* What the exercise asks
Your copy of the data should match it exactly, leaving out only the pictures.

* Given data
--------------------

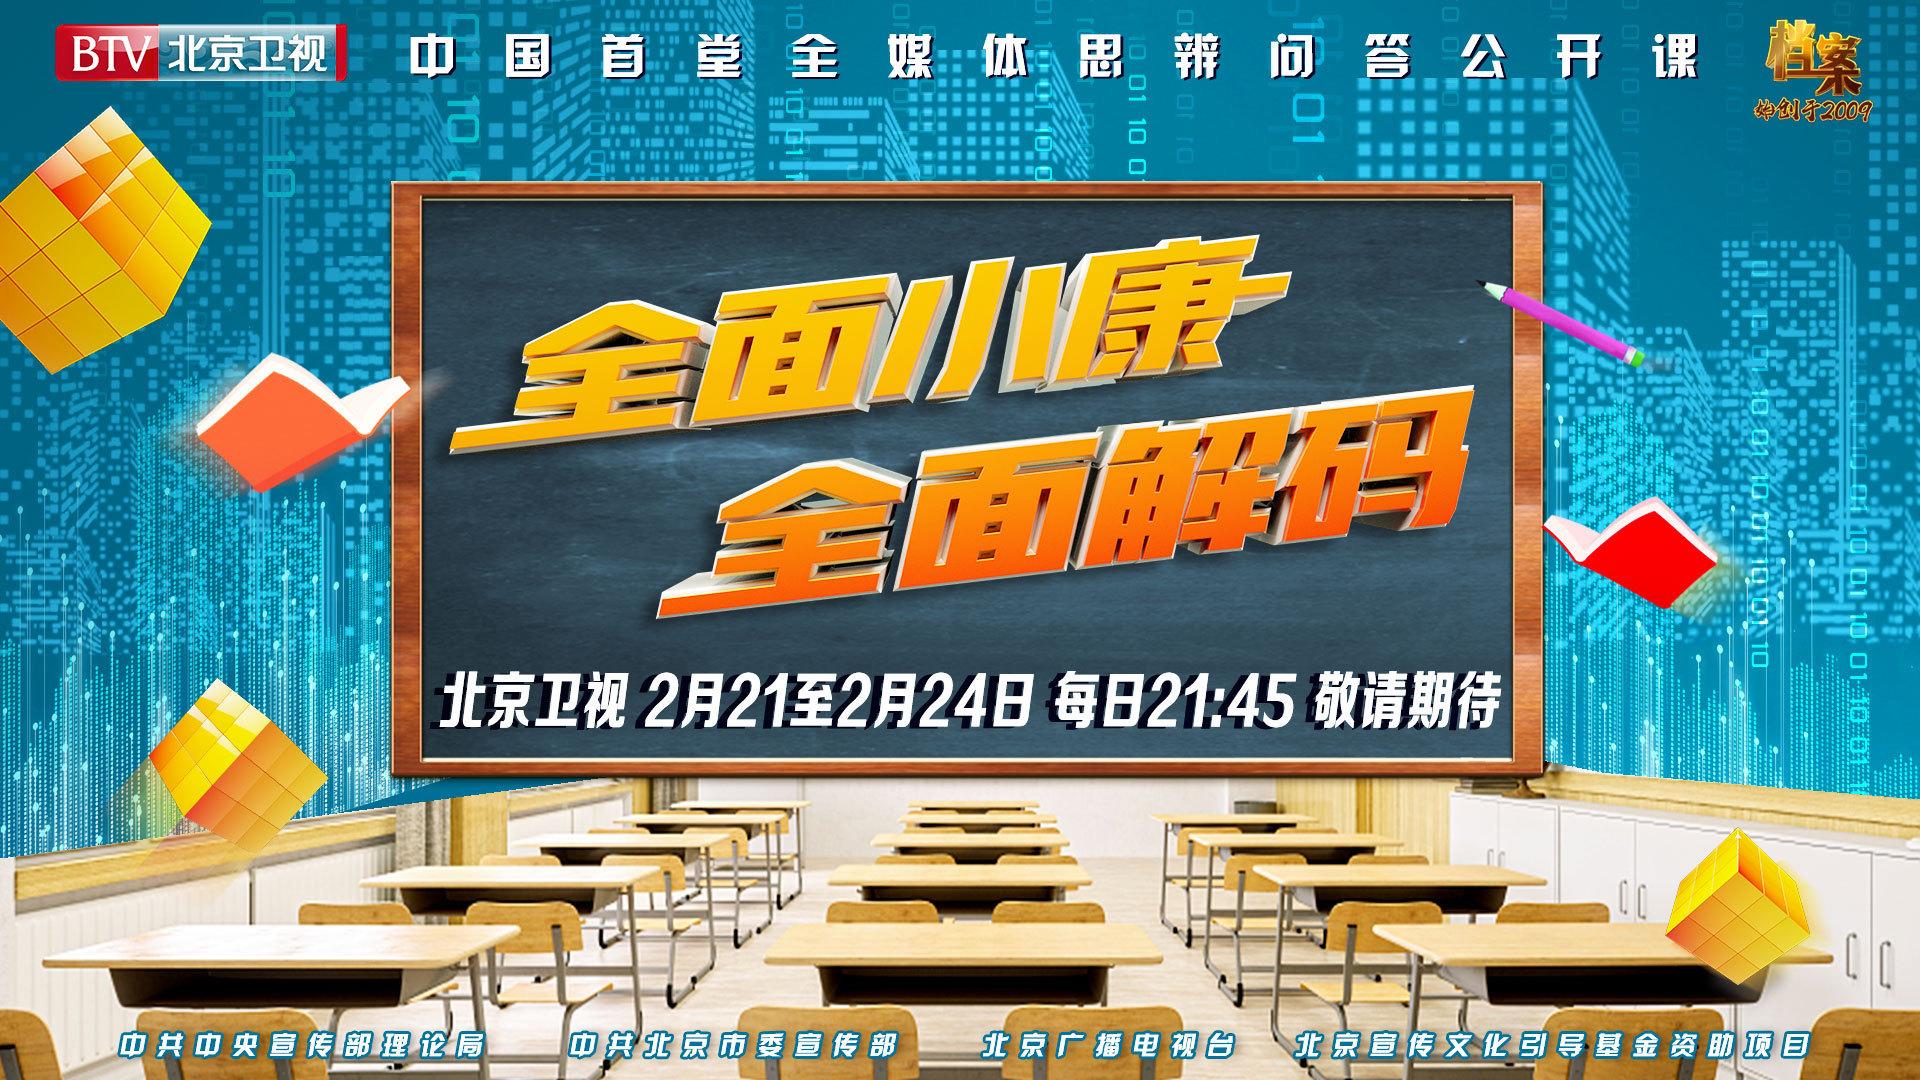 《全面小康 全面解码》北京卫视继续热播
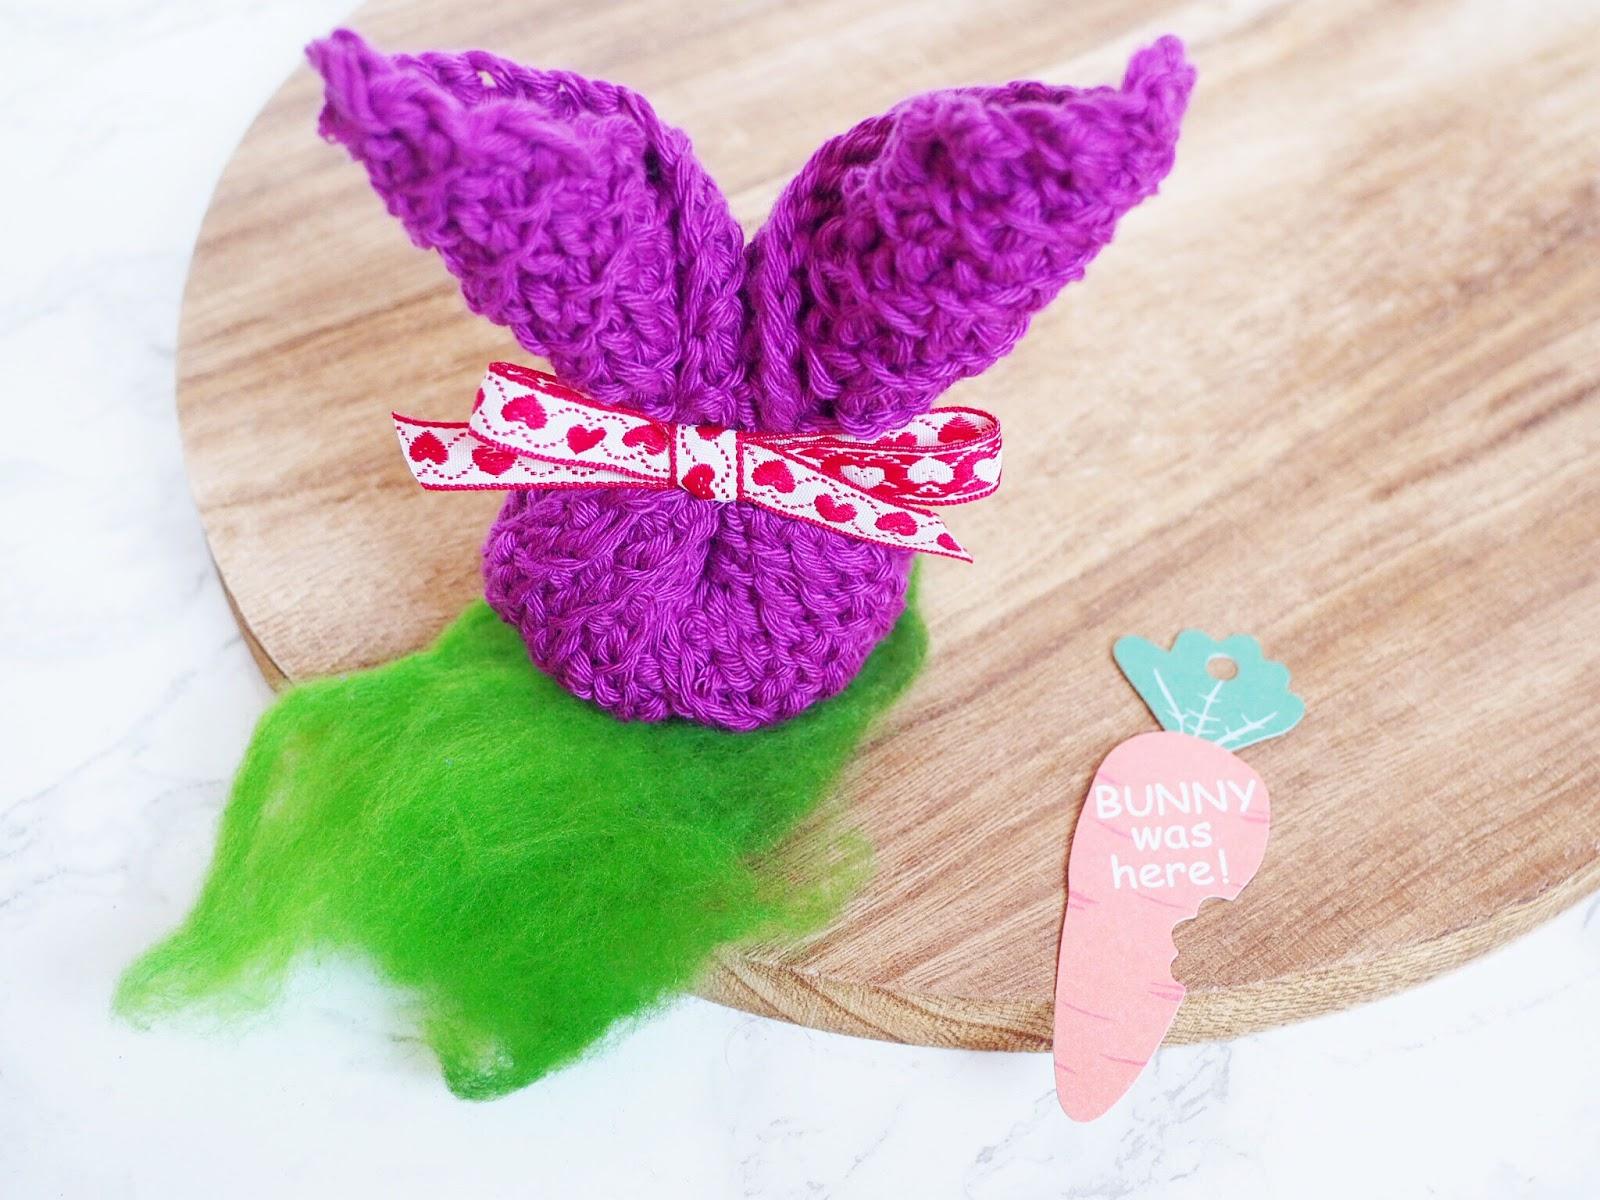 Spültuch - Abwaschlappen - Topflappen Strickanleitung in Hasenform mit doppeltem Faden aus rico baby cotton soft Baumwolle
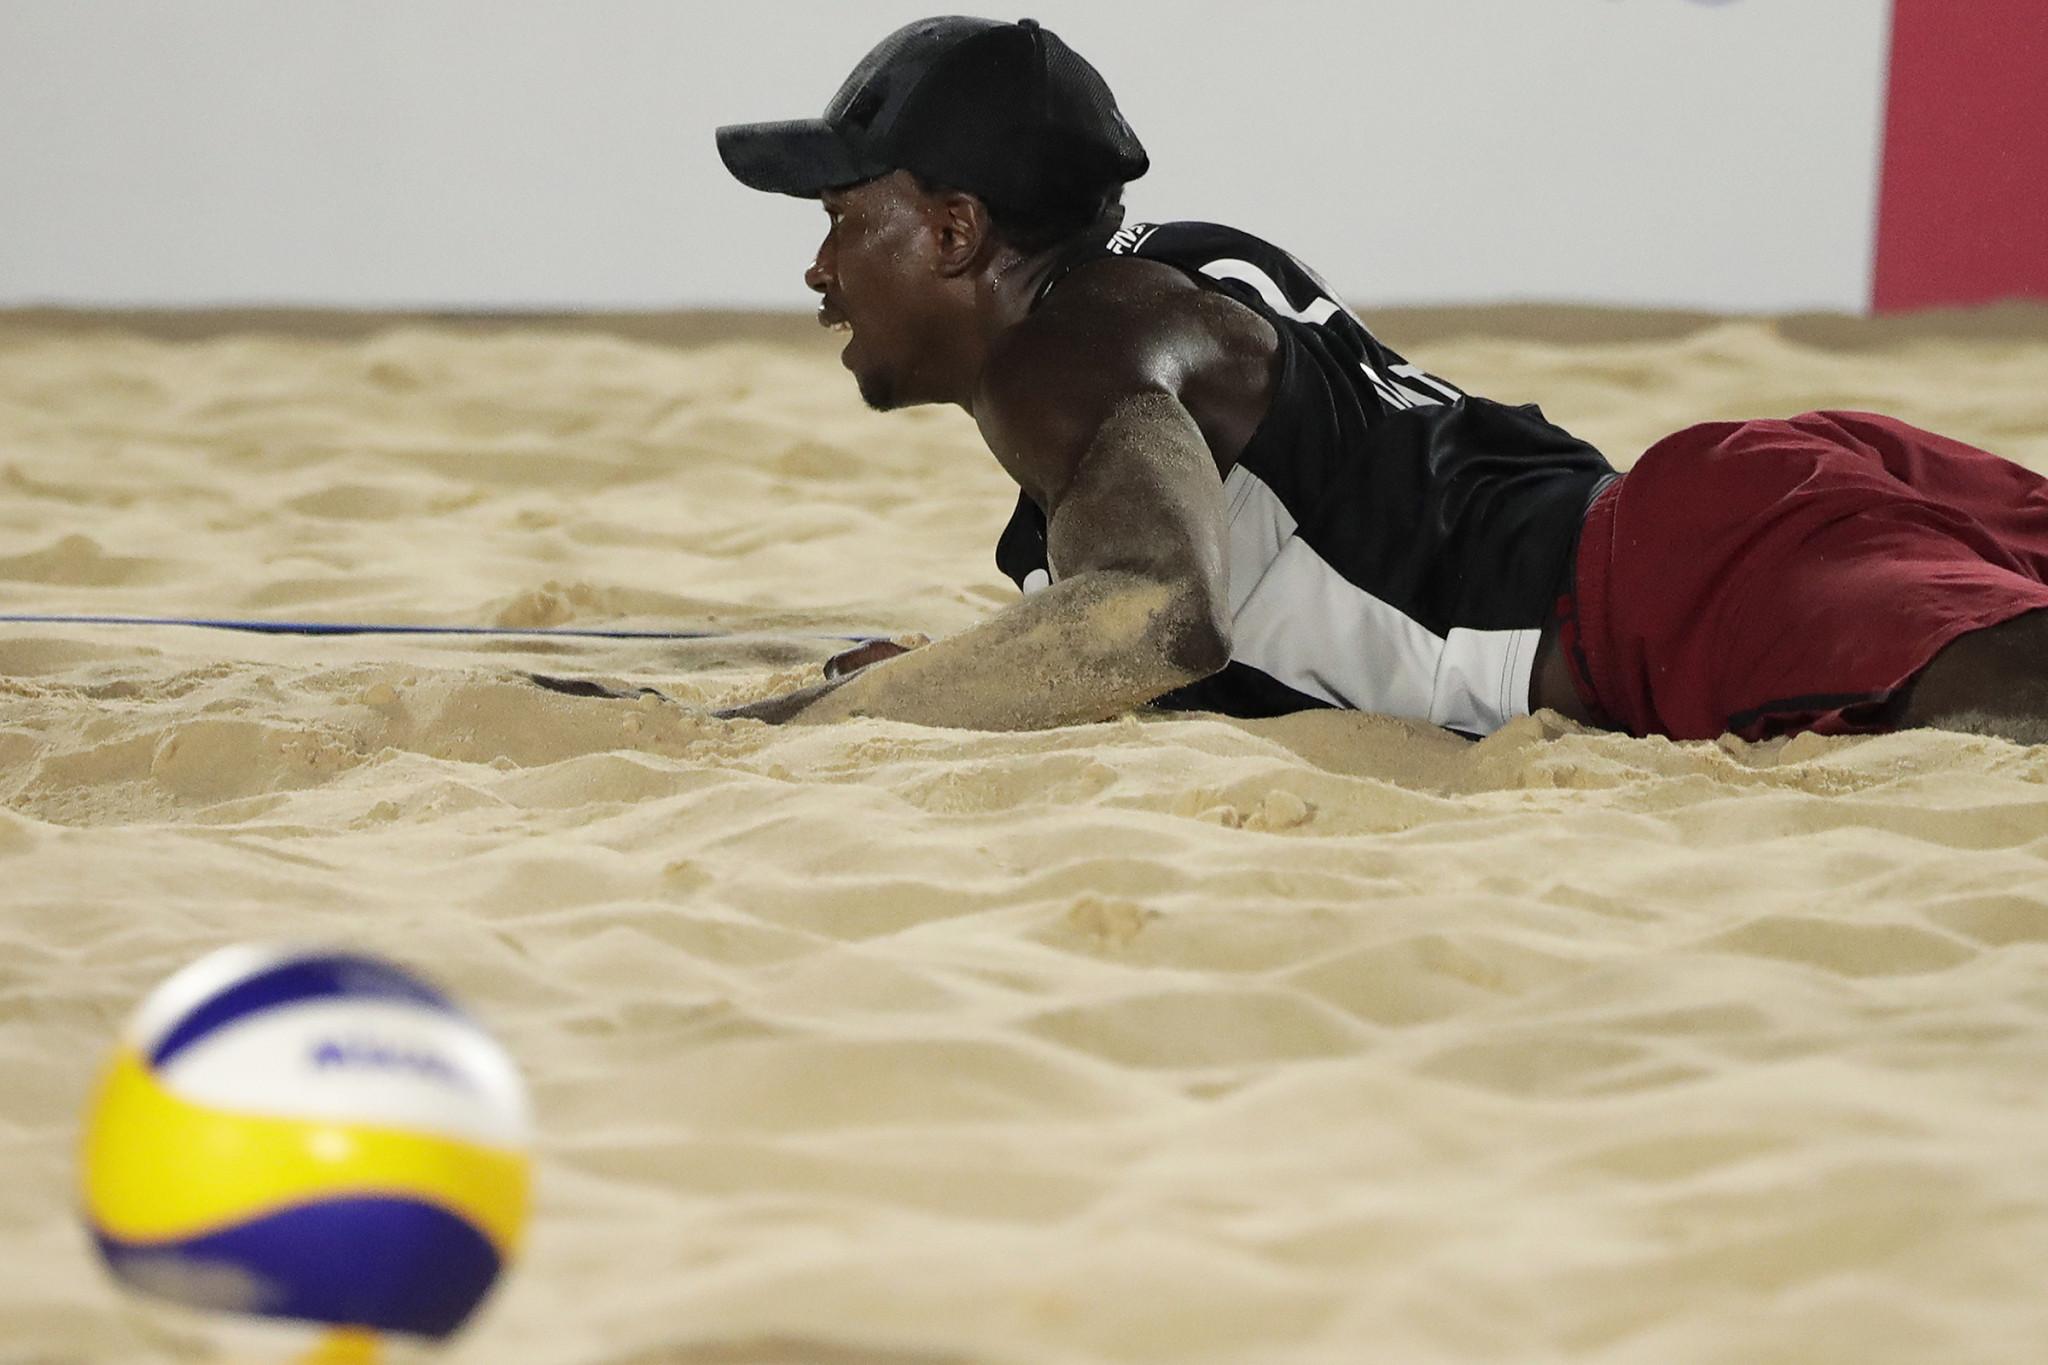 Qatari pair reach third successive Beach Volleyball World Tour final in Cancun

--------------------

* Solution to this exercise
 《全面小康 全面解码》北京卫视继续热播
 Spültuch - Abwaschlappen - Topflappen Strickanleitung in Hasenform mit doppeltem Faden aus rico baby cotton soft Baumwolle
 Qatari pair reach third successive Beach Volleyball World Tour final in Cancun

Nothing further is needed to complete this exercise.